The actuator converts the state into a process: (s)_t,a_t,r_t,s_t+1) Storing the parameters into an experience pool, and obtaining the parameters of the current time state and action after re-observation through a long short-term memory network

And will be

As a data set for training the online network. At the same time, willHeuristically derived(s)_t,a_t,r_t,s_t+1) And putting a reward function into the system, aiming at carrying out reward constraint, providing online strategy network and online Q network reference data and promoting the rapid convergence of the flexible exoskeleton parameters.

Claims

1. A method for establishing a reward function based on walking ratio trend changes is characterized by comprising the following steps:

D＝l(θ_max-θ_min) (1)

T(k)＝t_{trough of wave}(k)-t_{Trough of wave}(k-1) (2)

|W_{at present}-W_Target|＜|W_{Last sampling point}-W_Target| (4)

(6) when the reward function model is applied to a reinforcement learning algorithm for optimizing exoskeleton parameters, when the value function shown in formula (6) is the maximum, the obtained strategy is the optimal strategy, namely the adjustment of the walking ratio can be realized, so that the exoskeleton robot assists the old to walk and plays a role in rehabilitation;

v_π(s)＝E_π(R_t+1+γR_t+2+γ²R_t+3+...|S_t＝s) (6)

2. The method for establishing a reward function based on the trend change of the walking ratio as claimed in claim 1, wherein the curve of the flexion angle parameter of the hip joint of the wearer in the step (2) is obtained by:

(2-1) collecting hip joint flexion angle parameter signals of a wearer of the flexible exoskeleton robot by using an attitude sensor, converting the hip joint flexion angle parameter signals into digital quantity signals, sending the digital quantity signals to a single chip microcomputer, and sending the digital quantity signals to a PC (personal computer) end;

(2-2) acquiring the hip joint flexion angle parameter signal by using a serial port interface in MATLAB installed at a PC end, and drawing a hip joint flexion angle parameter real-time curve through a plot function.

3. The method according to claim 2, wherein in the step (2-1), the data transmission between the singlechip and the PC is that the singlechip transmits the data to the PC through a Bluetooth module via serial communication and wireless network.

4. The method as claimed in claim 2, wherein the real-time curve of the hip flexion angle parameter in step (2-2) can also be displayed directly by using third-party host computer software.

5. The method as claimed in claim 4, wherein the third-party host computer software is an anonymous host computer.

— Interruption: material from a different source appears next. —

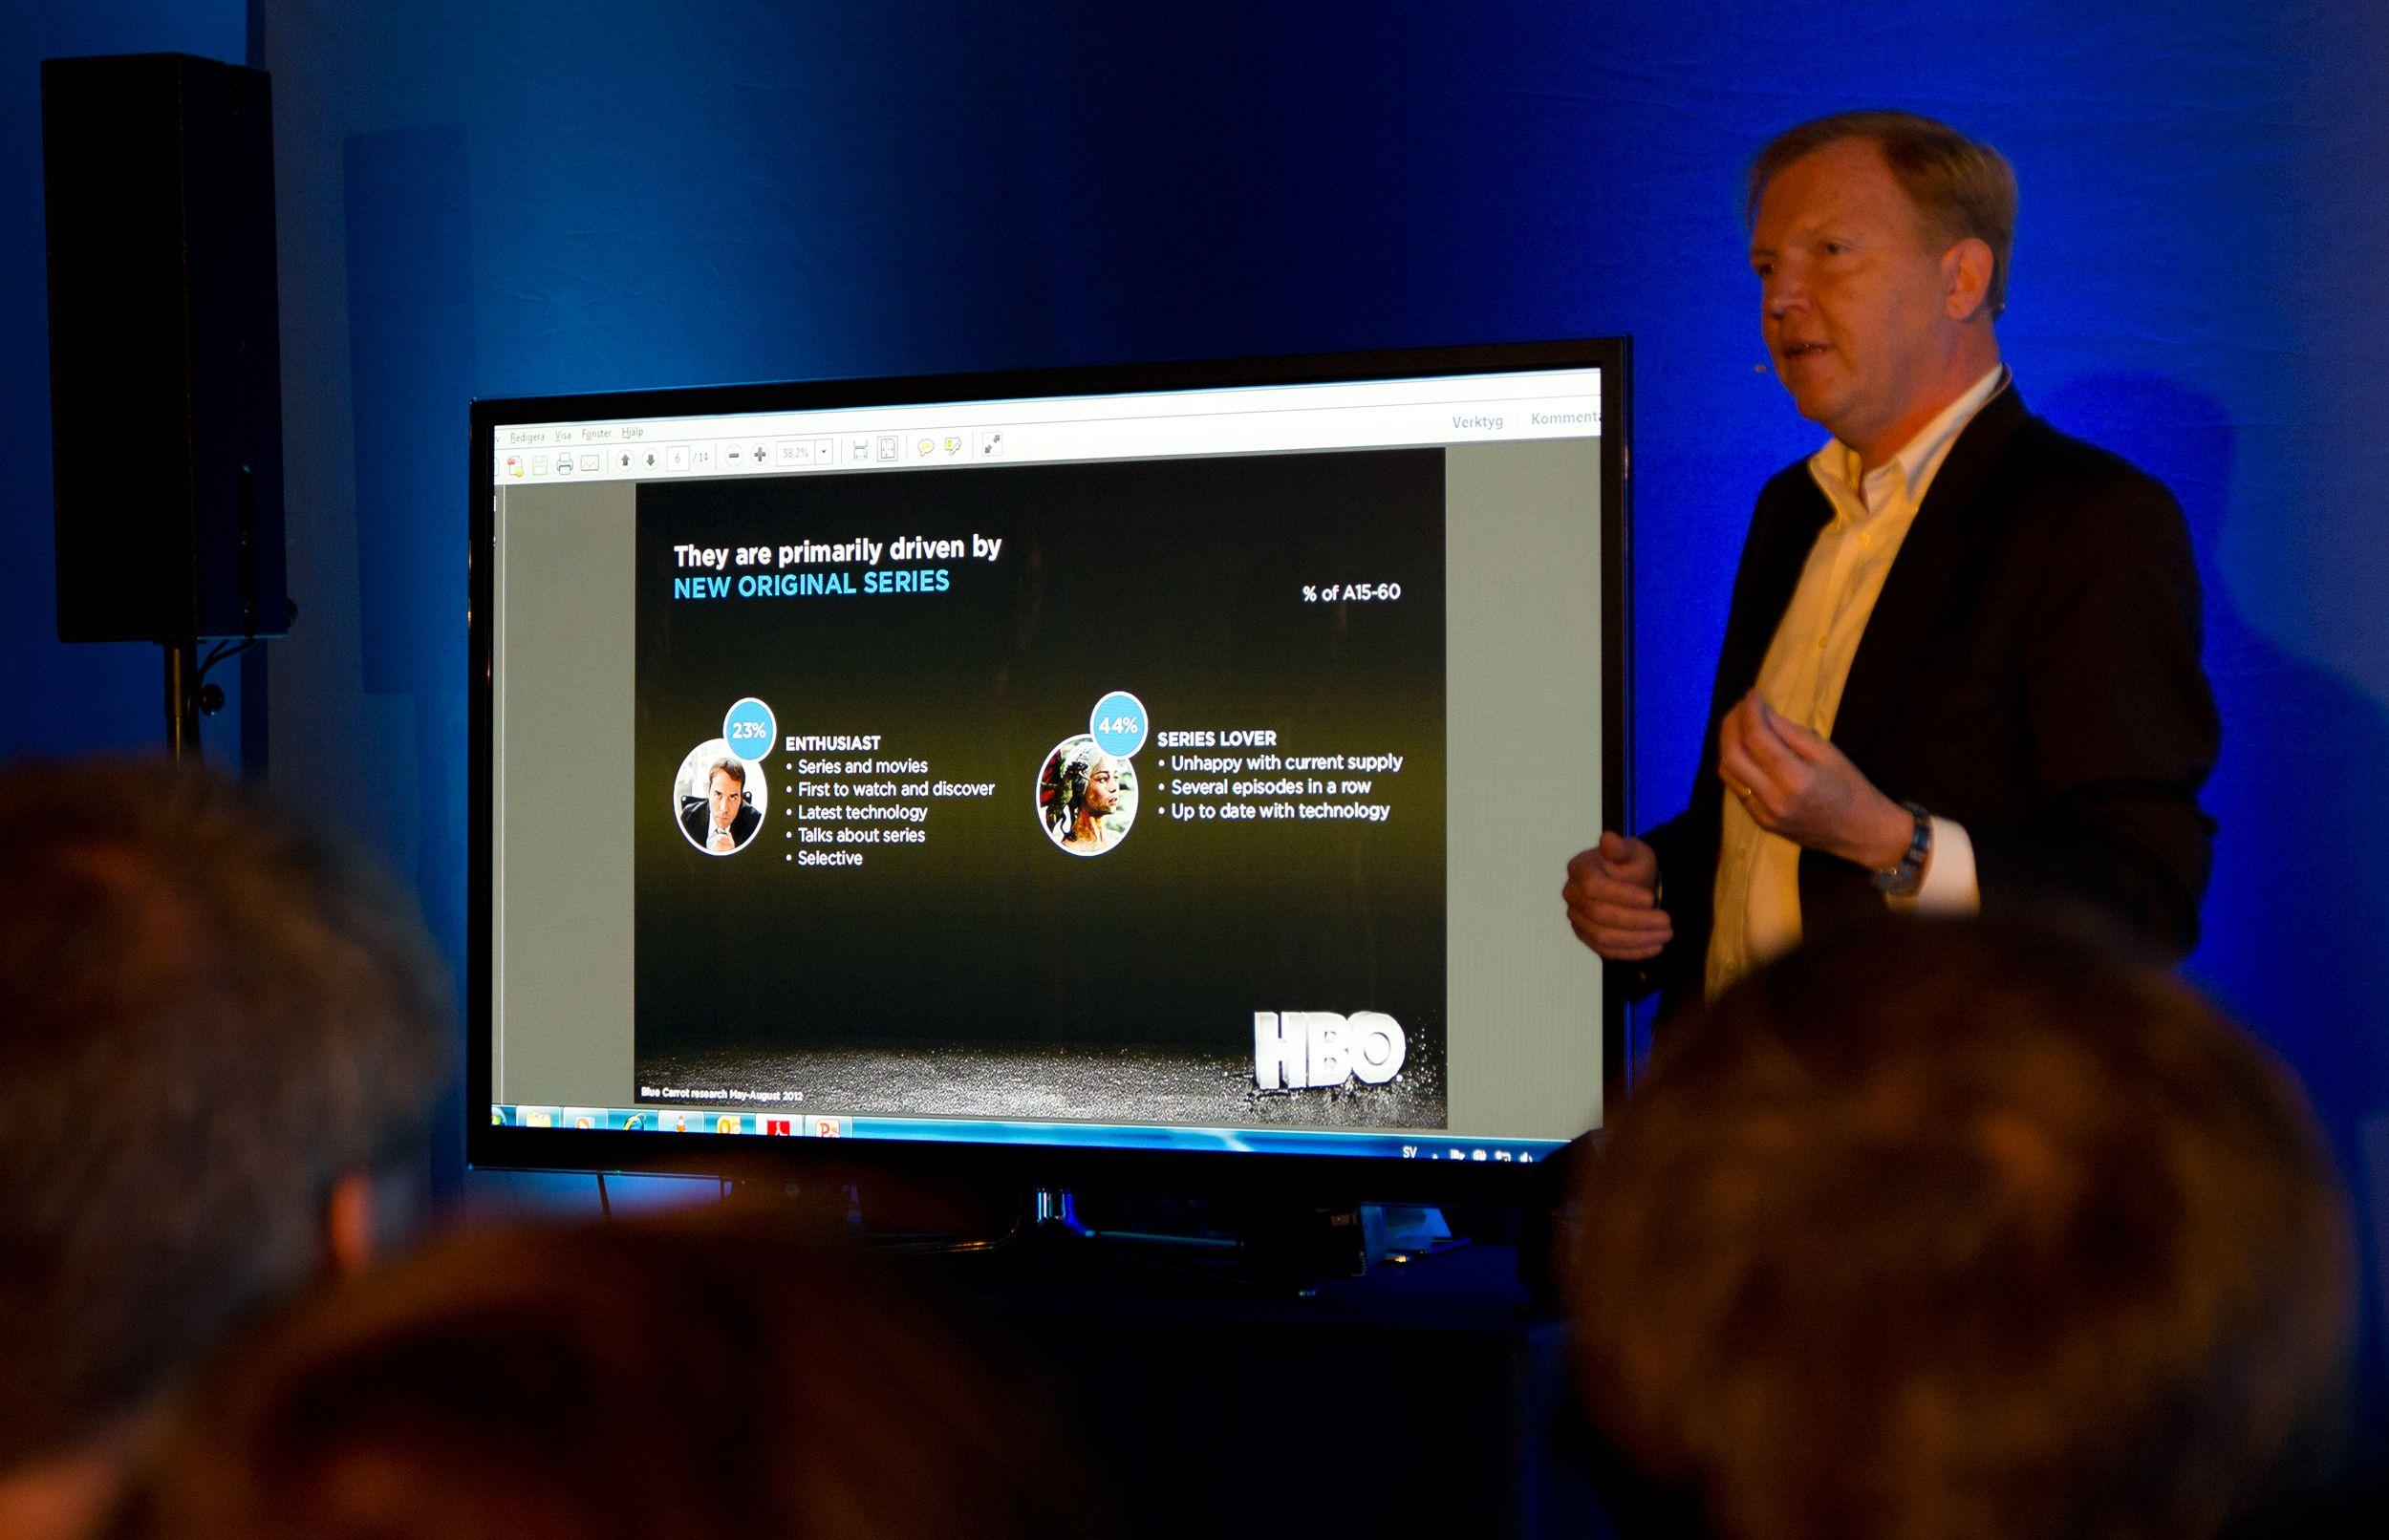 Hervé Payan fra HBO Nordic hadde mye spennende å fortelle, selv om Powerpoint-presentasjonen var noe underveldende.Foto: Rolf B. Wegner, Hardware.no

6. The method for establishing the reward function based on the walking ratio trend changes as claimed in claim 1, wherein the step (1) and the step (2) are implemented by a MEMS attitude sensor with an ADC conversion module for acquiring the hip flexion angle parameter signals of the wearer of the flexible exoskeleton robot.

7. The method for creating a reward function based on walking ratio trend changes according to claim 1, wherein the scoring of the sequence values in the analysis sequence according to the scoring mechanism in the step (4) specifically comprises:

indicating a trend in walking ratio over multiple cycles.